**PROBLEM TO WORK ON**: Write out exactly the lines running from the one with "Child goes viral" to the end of the data, including both of those lines and excluding pictures.

**GIVEN DATA**:
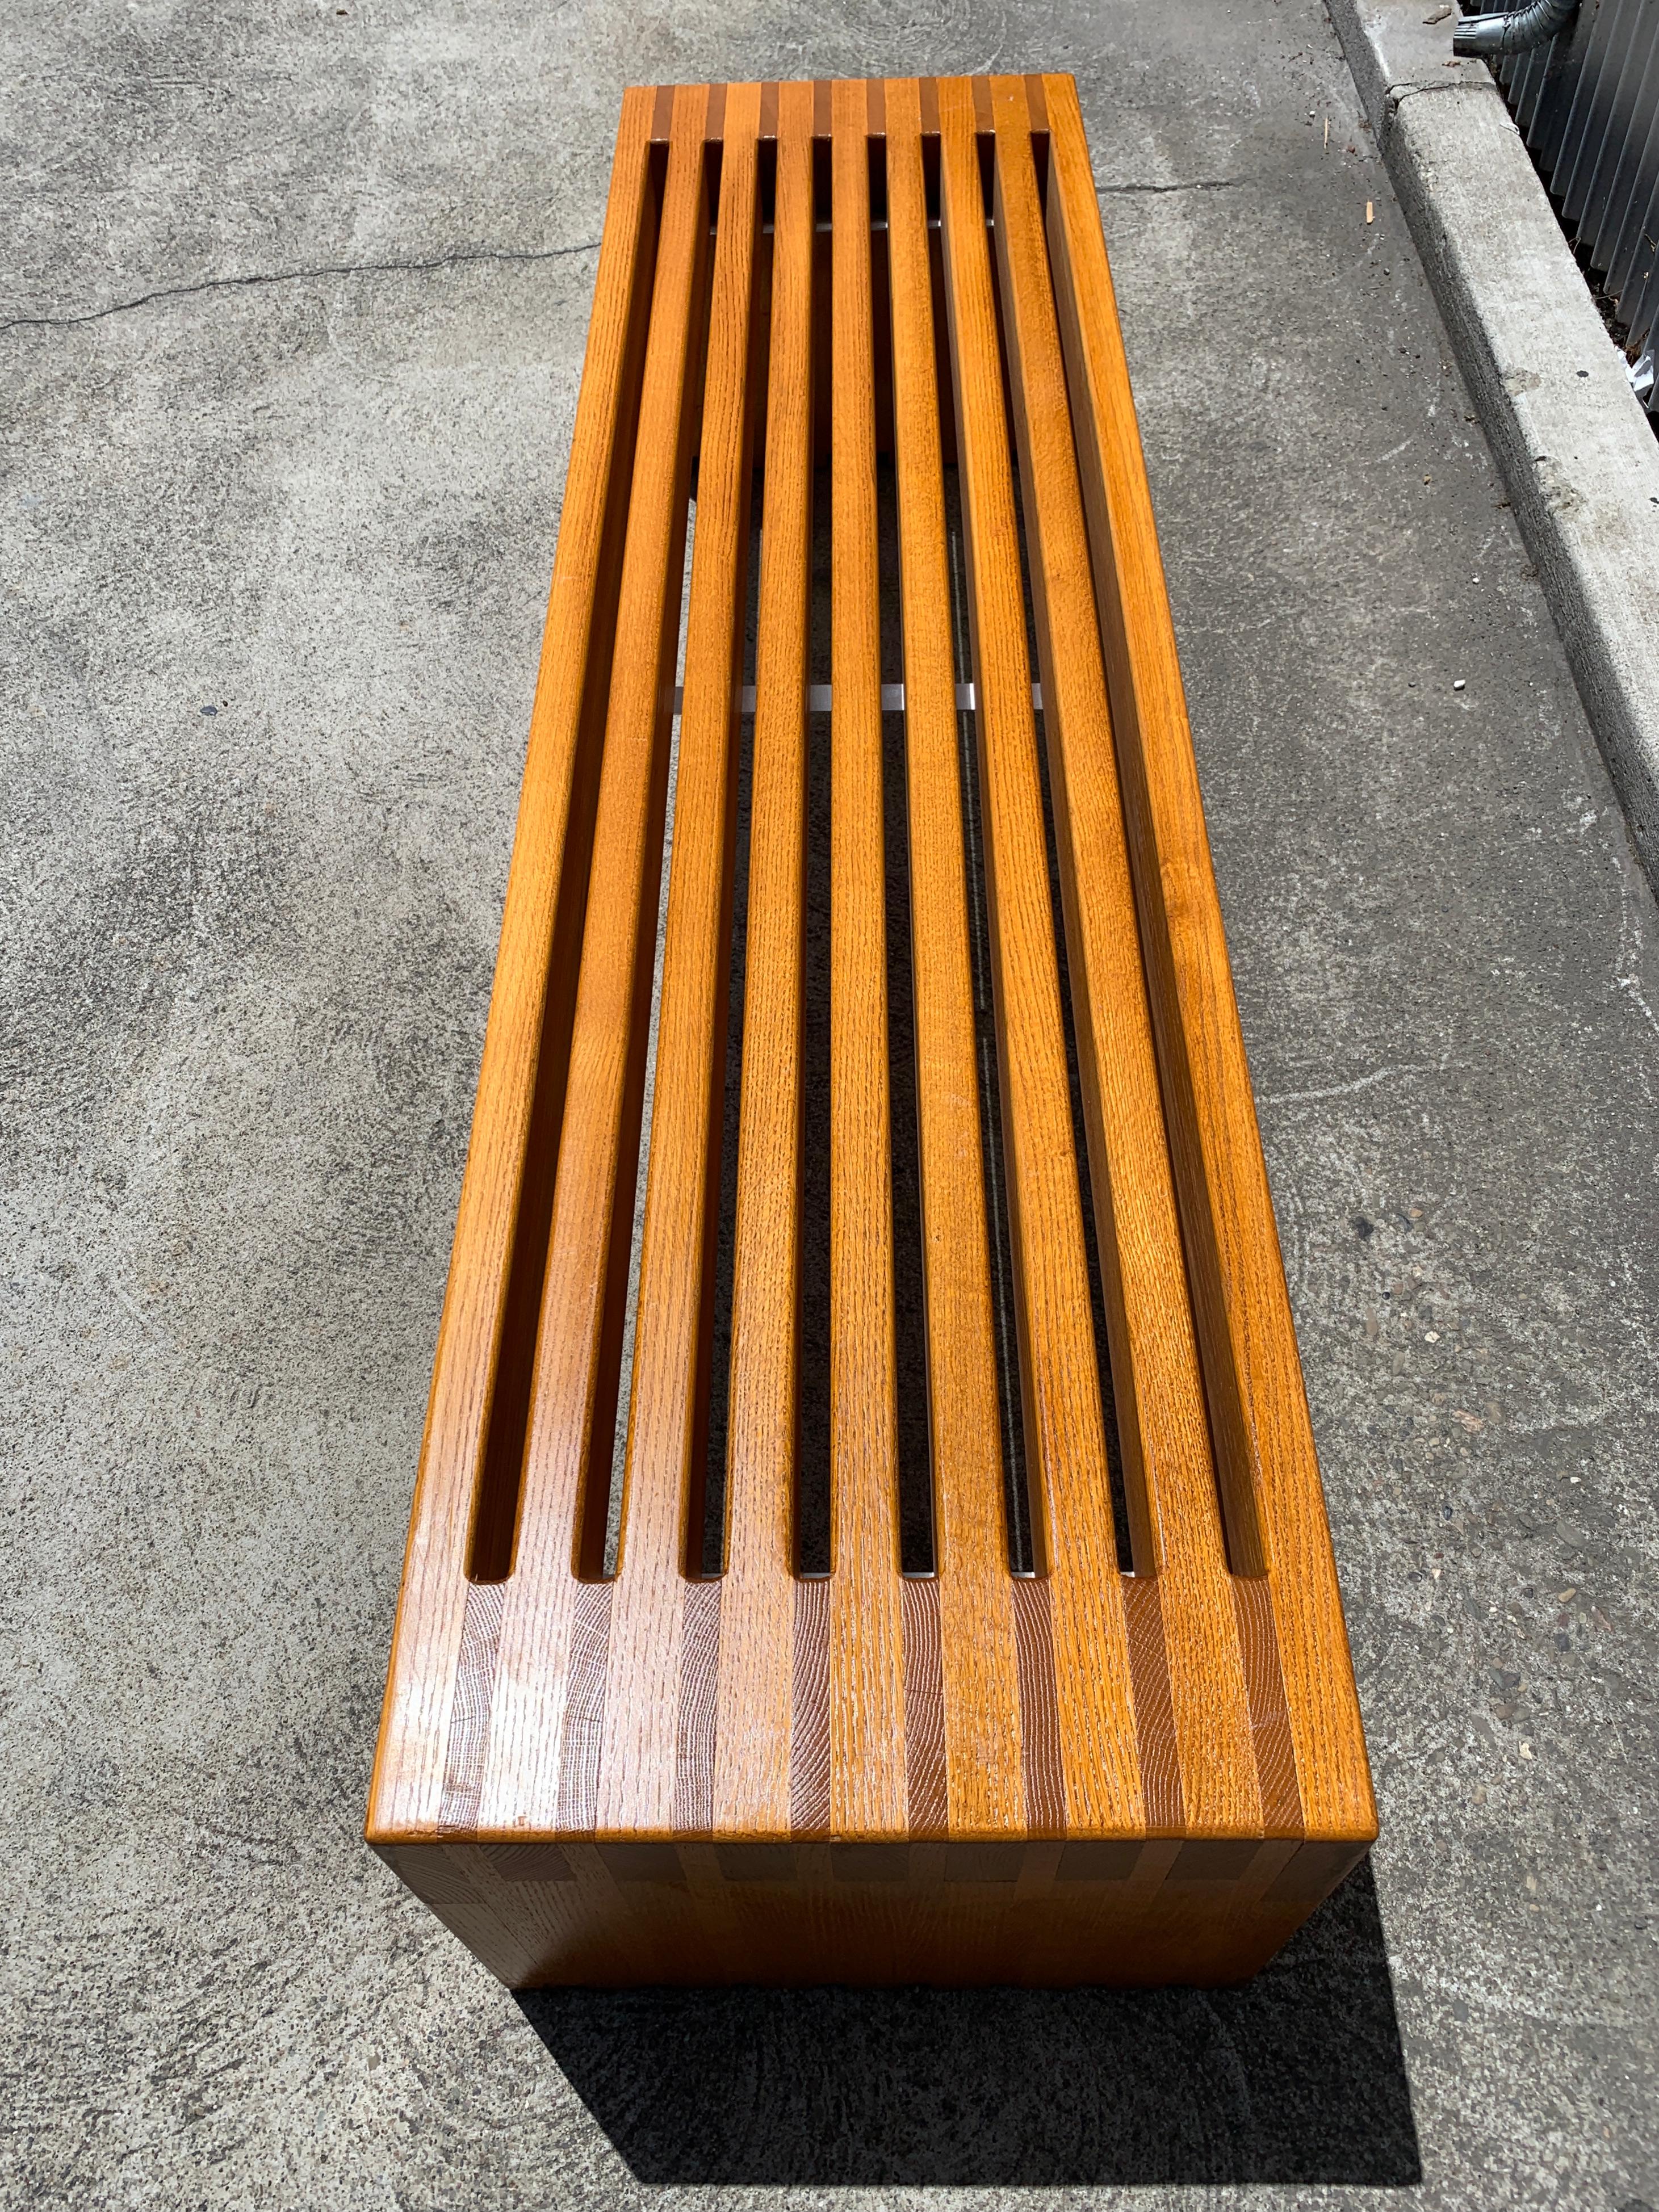 Impressive Solid Oak Bench by Mexican Modernist Architect Ricardo Legorretta In Good Condition In Danville, CA
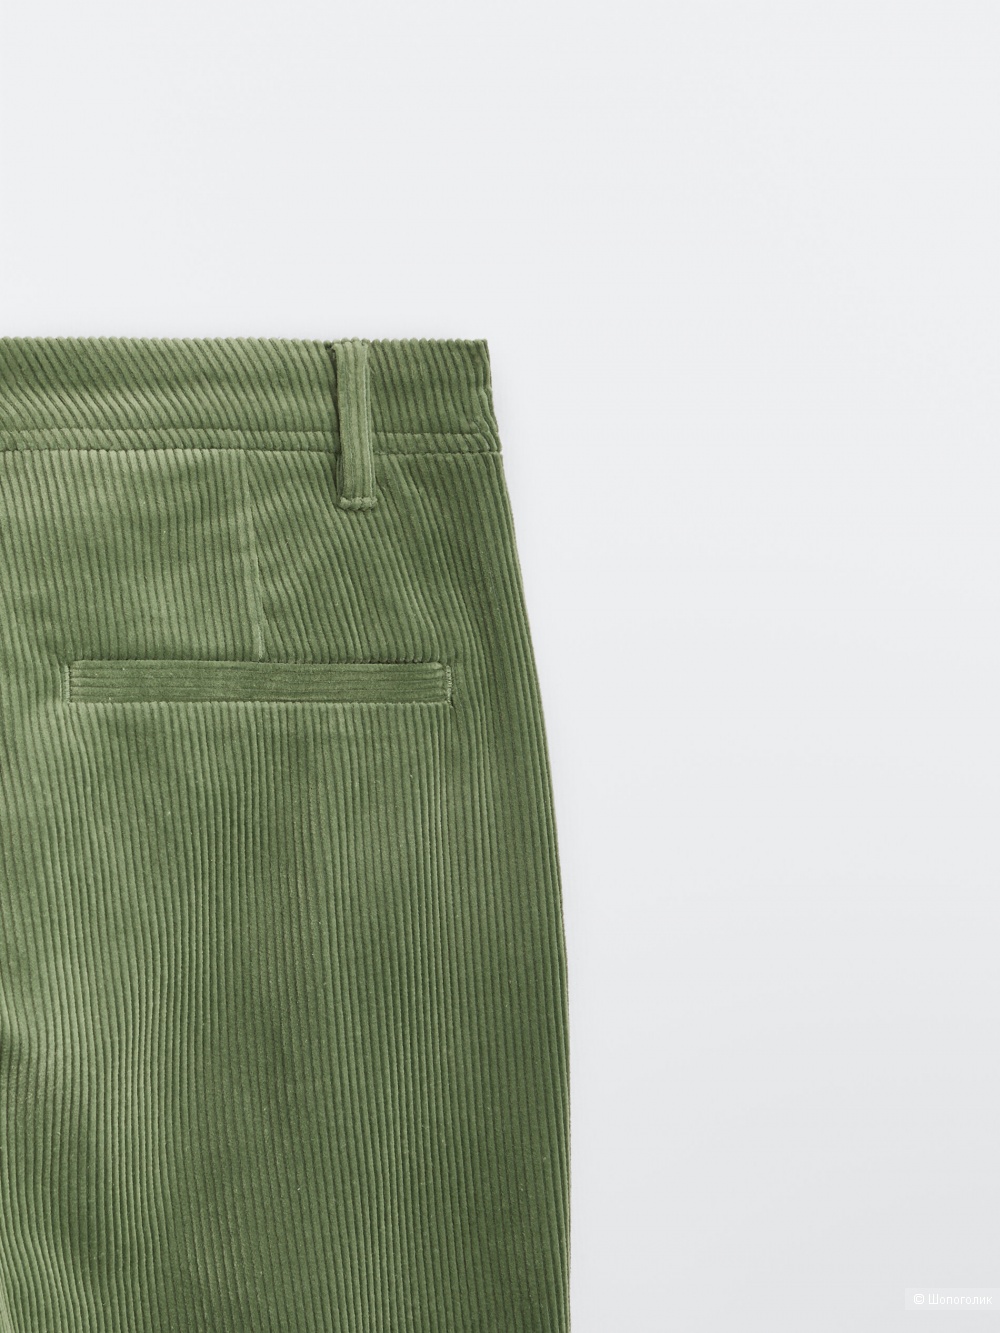 Вельветовые брюки чинос Massimo Dutti в 38 размере
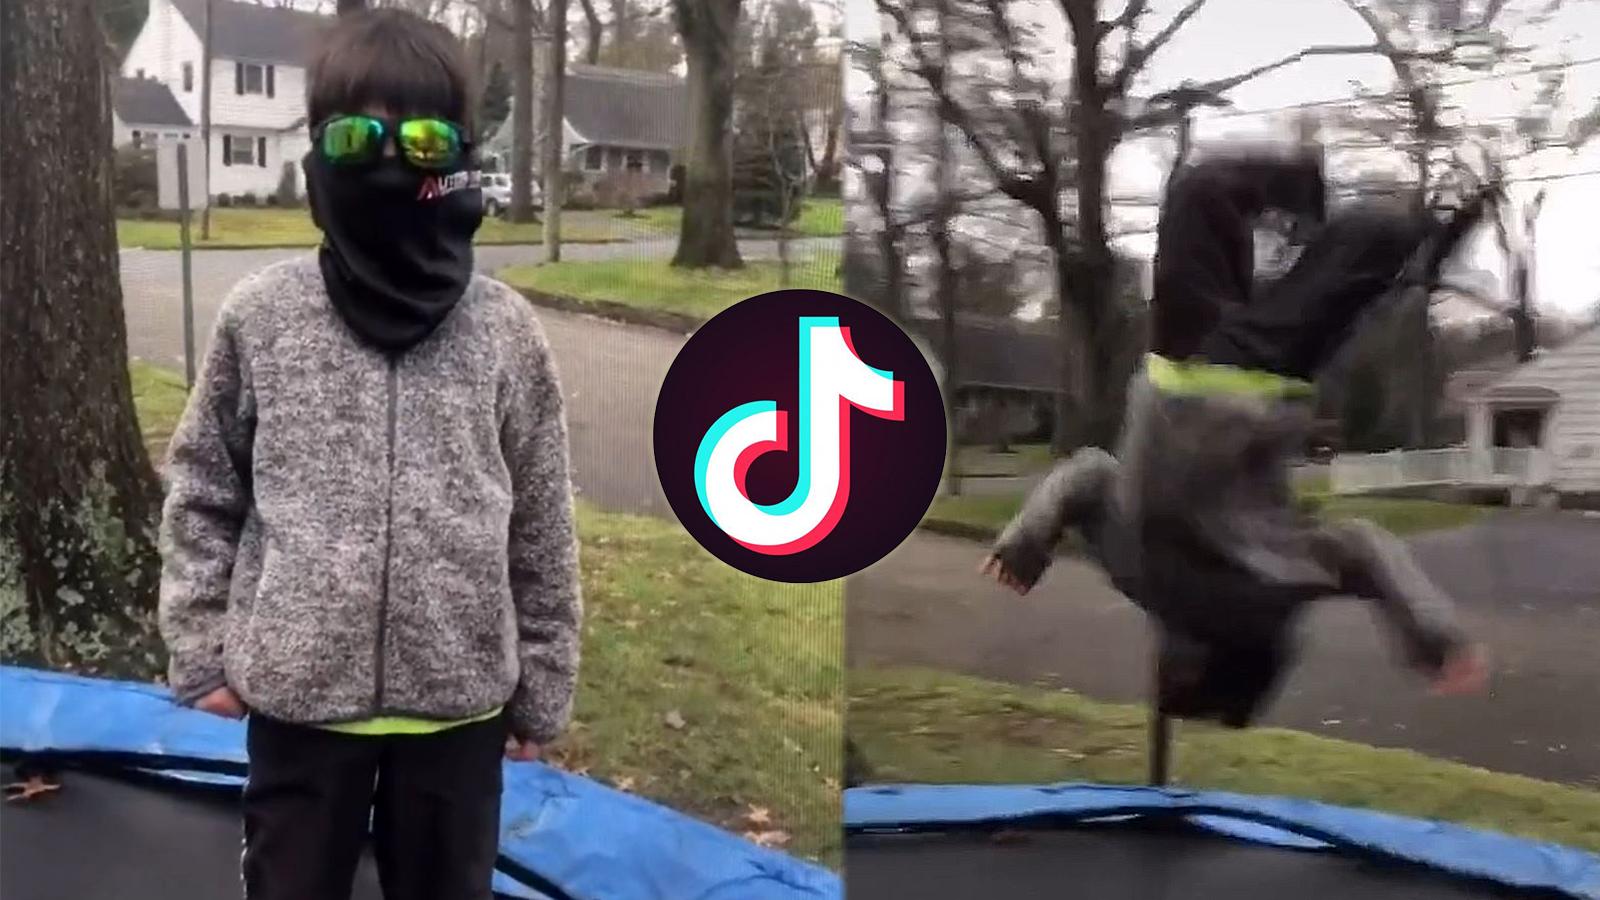 Child goes viral on TikTok for backflip video
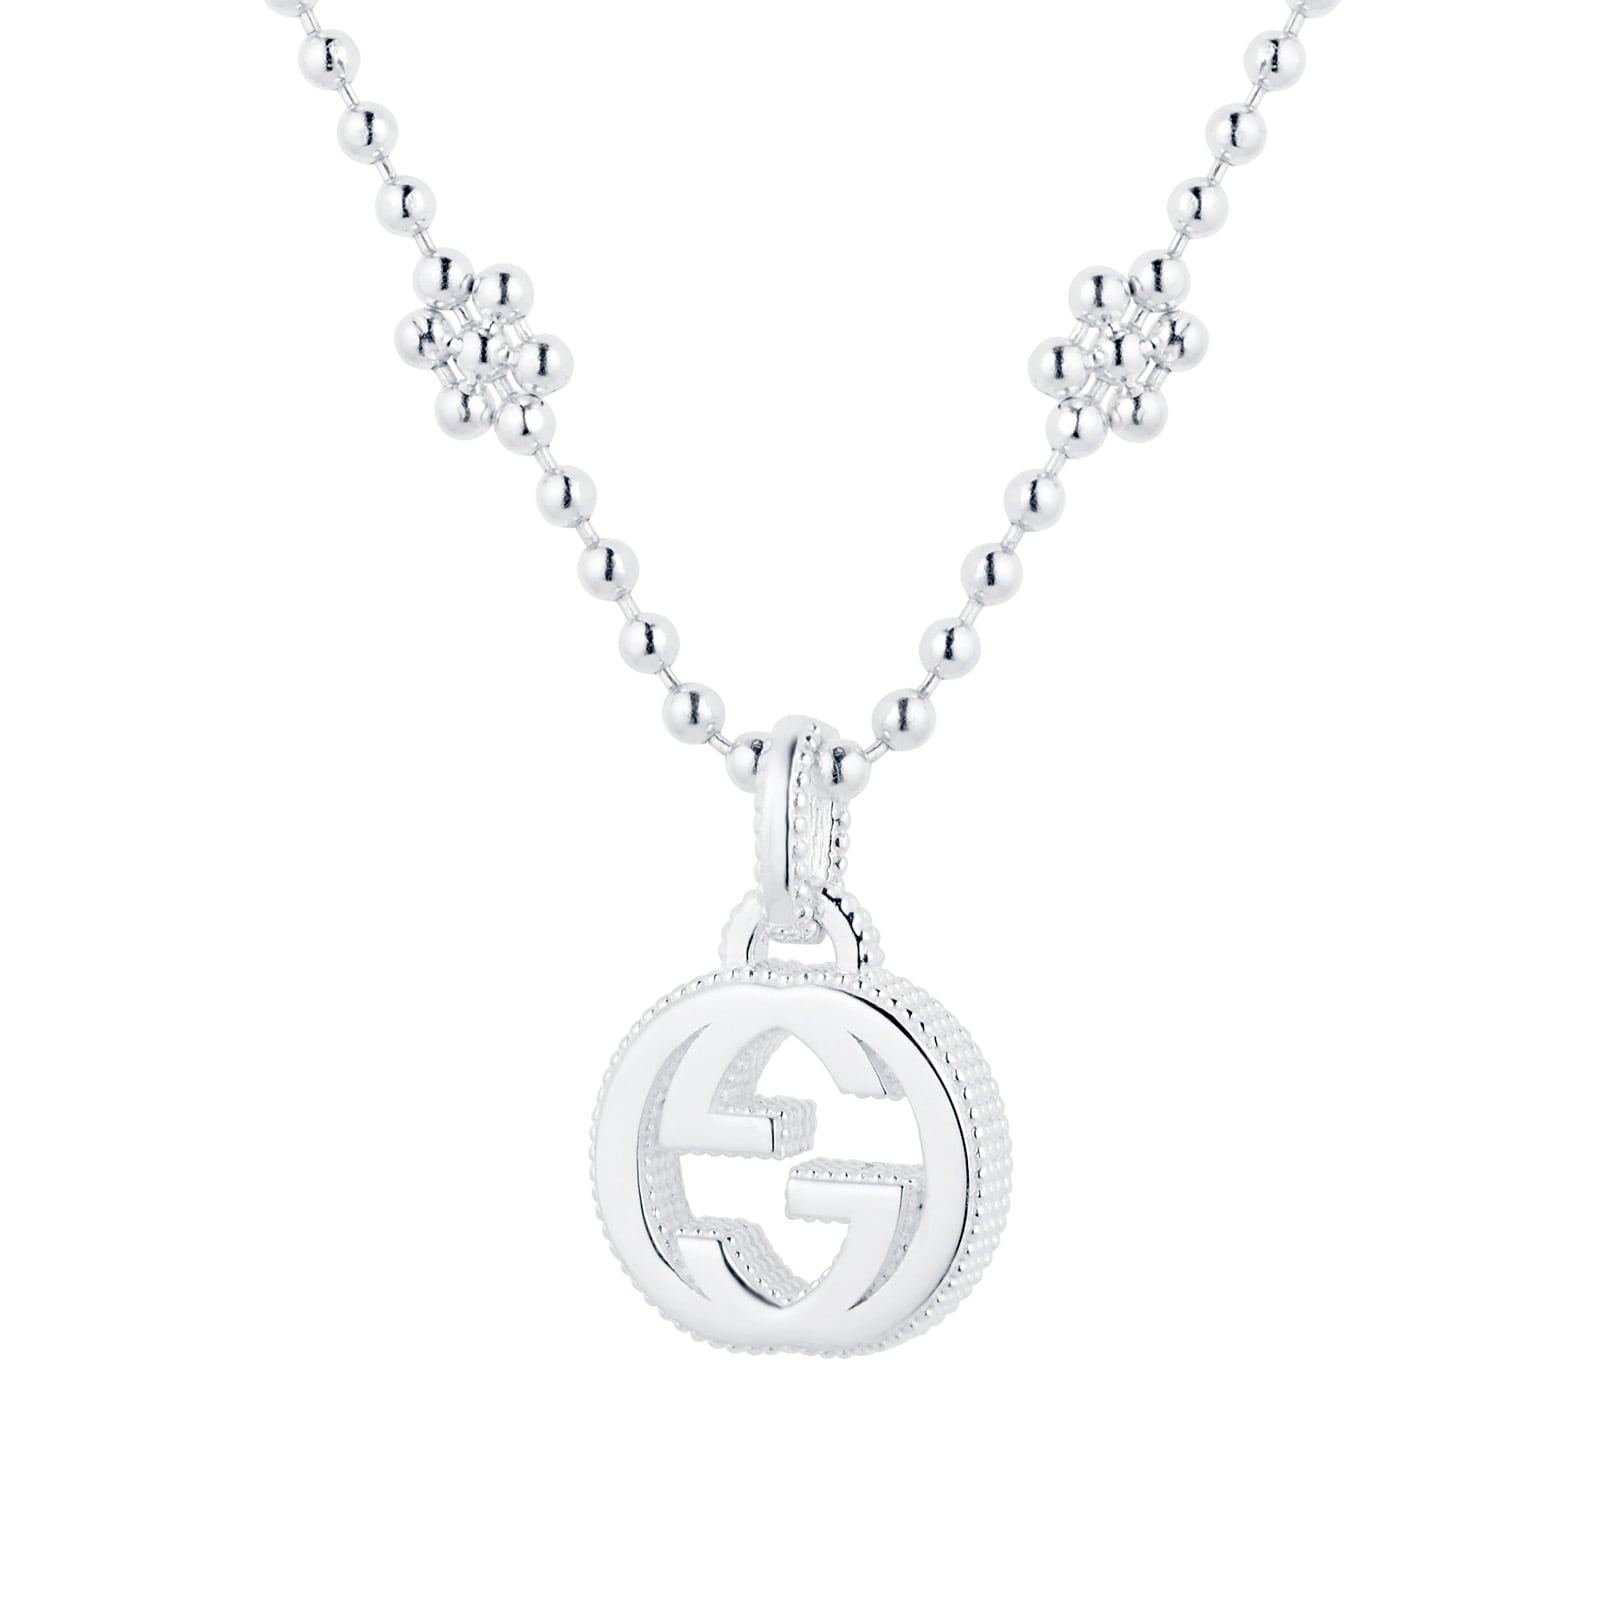 Gucci Interlocking G Necklace in Silver YBB47922100100U | Goldsmiths

**FINISHED EXERCISE**:
 Child goes viral on TikTok for backflip video
 Gucci Interlocking G Necklace in Silver YBB47922100100U | Goldsmiths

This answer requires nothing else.